Route information
- Maintained by MaineDOT
- Length: 2.08 mi (3.35 km)
- Existed: 1933–present

Major junctions
- West end: SR 11 / SR 11A / SR 109 in Sanford
- East end: US 202 / SR 4A in Sanford

Location
- Country: United States
- State: Maine
- Counties: York

Highway system
- Maine State Highway System; Interstate; US; State; Auto trails; Lettered highways;
| ← SR 223 |  | → SR 225 |

= Maine State Route 224 =

State highway in York County, Maine, US

State Route 224 (SR 224) is part of Maine's system of numbered state highways, located within the city of Sanford.

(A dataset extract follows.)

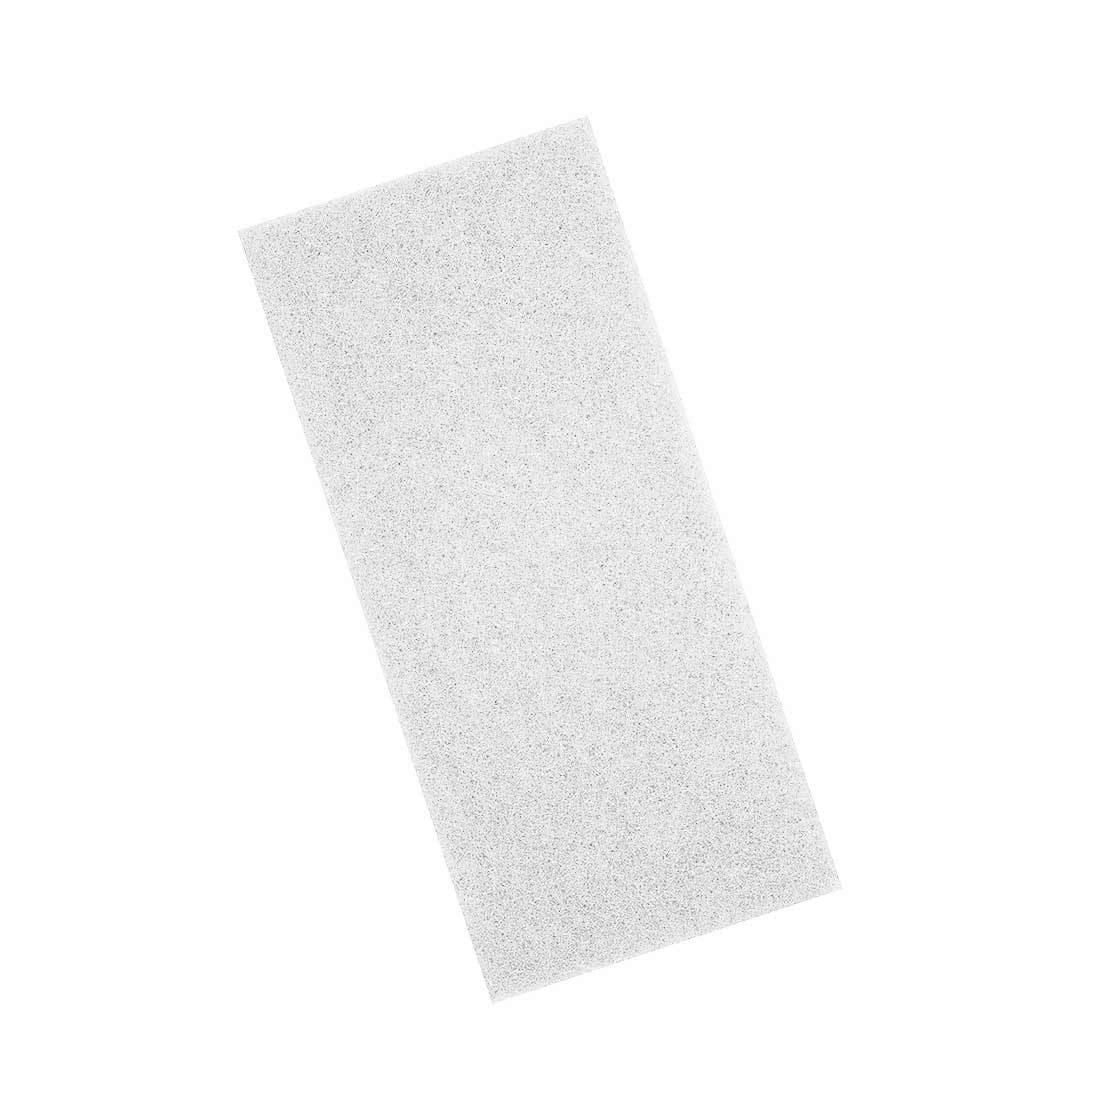 MENZER Polierpad 250 x 115 mm Handpads für Handschleifer, Polyester, 10 Stk., weiß
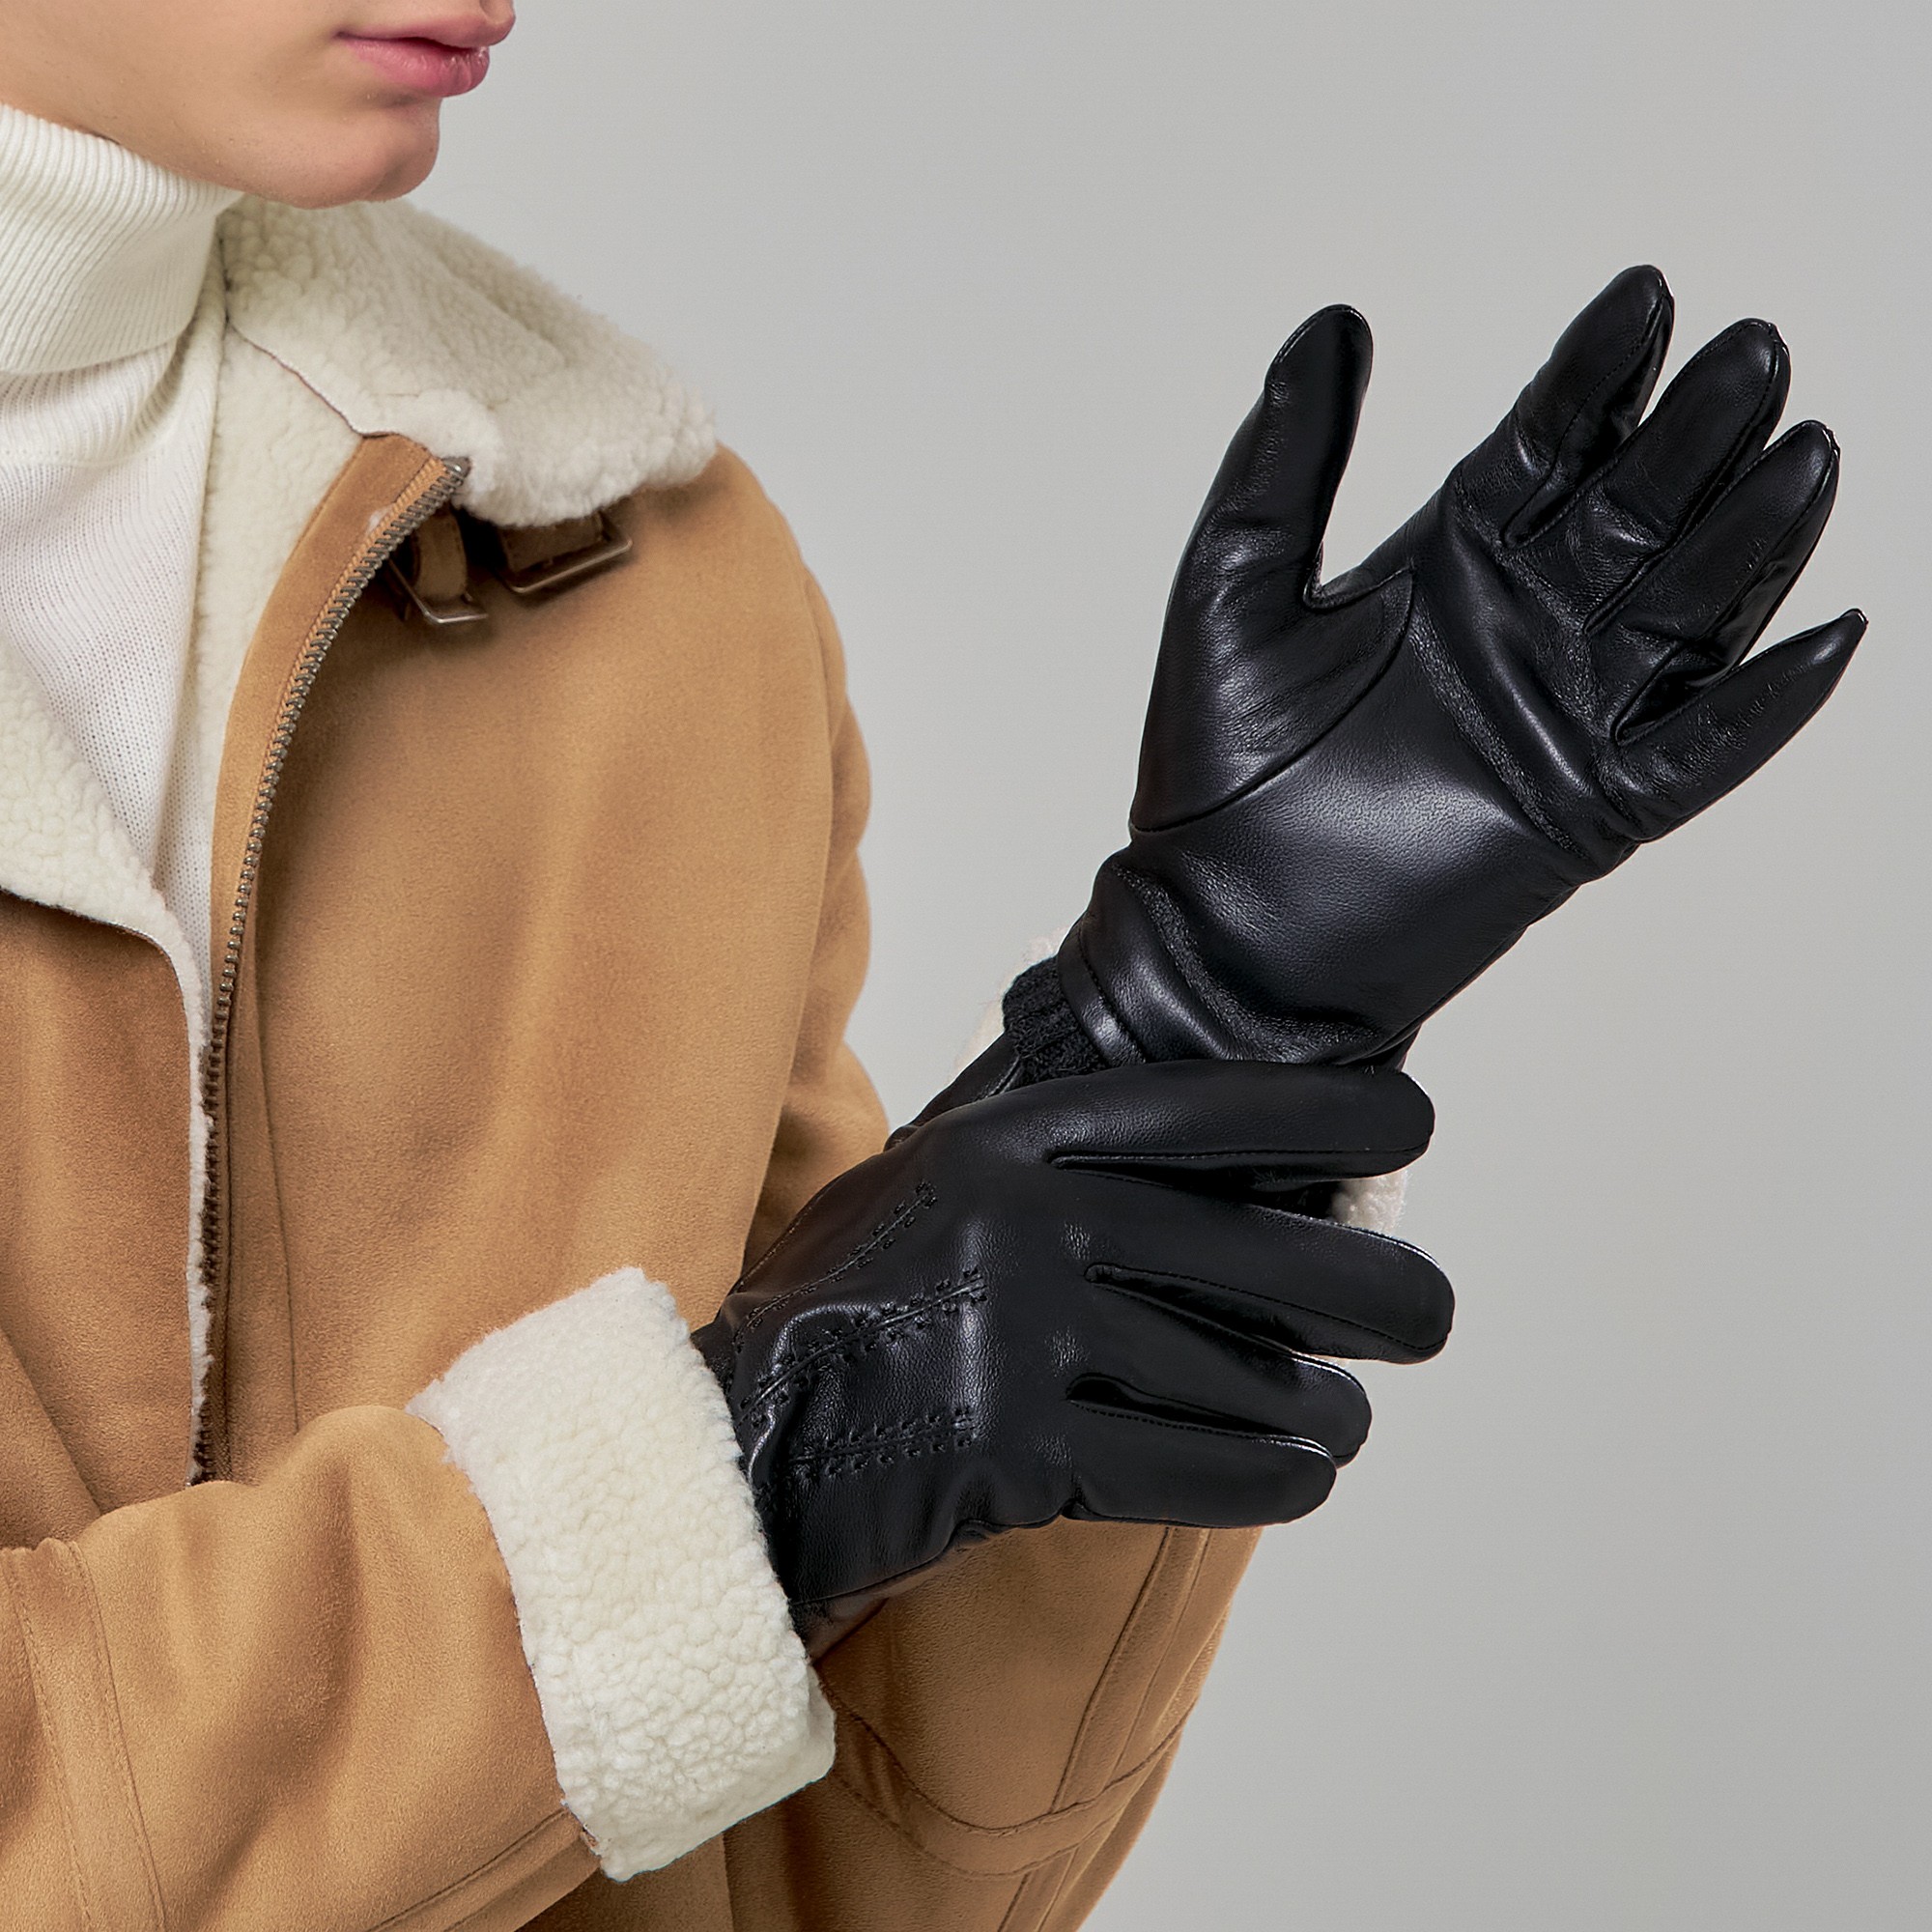 Др.Коффер H760129-236-04 перчатки (9,5), размер 9, цвет черный - фото 2

It is a northern bypass of downtown Sanford that runs for 2.08 mi between State Route 11, State Route 11A, and State Route 109 in Springvale and U.S. Route 202 and State Route 4A near the border with Alfred. SR 224 runs along the Mousam River for most of its length.

== Route description ==
SR 224 begins just west of downtown Sanford at the intersection of Main Street, Oak Street, and Bridge Street. SR 224 crosses the Mousam River on Bridge Street, then immediately turns southeast onto Pleasant Street and runs along the northern side of the river, passing several churches, housing developments, and shops in Springvale. At River Street, SR 224 passes Carl J. Lamb Elementary School and continues onto Shaws Ridge Road. The highway turns northeast, then again southeast and terminates at US 202/SR 4A just southwest of the Alfred town line.

== History ==
The SR 224 designation was first used on a route between Dexter and Guilford, which was renumbered in 1933 as SR 24 and exists now as the northernmost segment of SR 23.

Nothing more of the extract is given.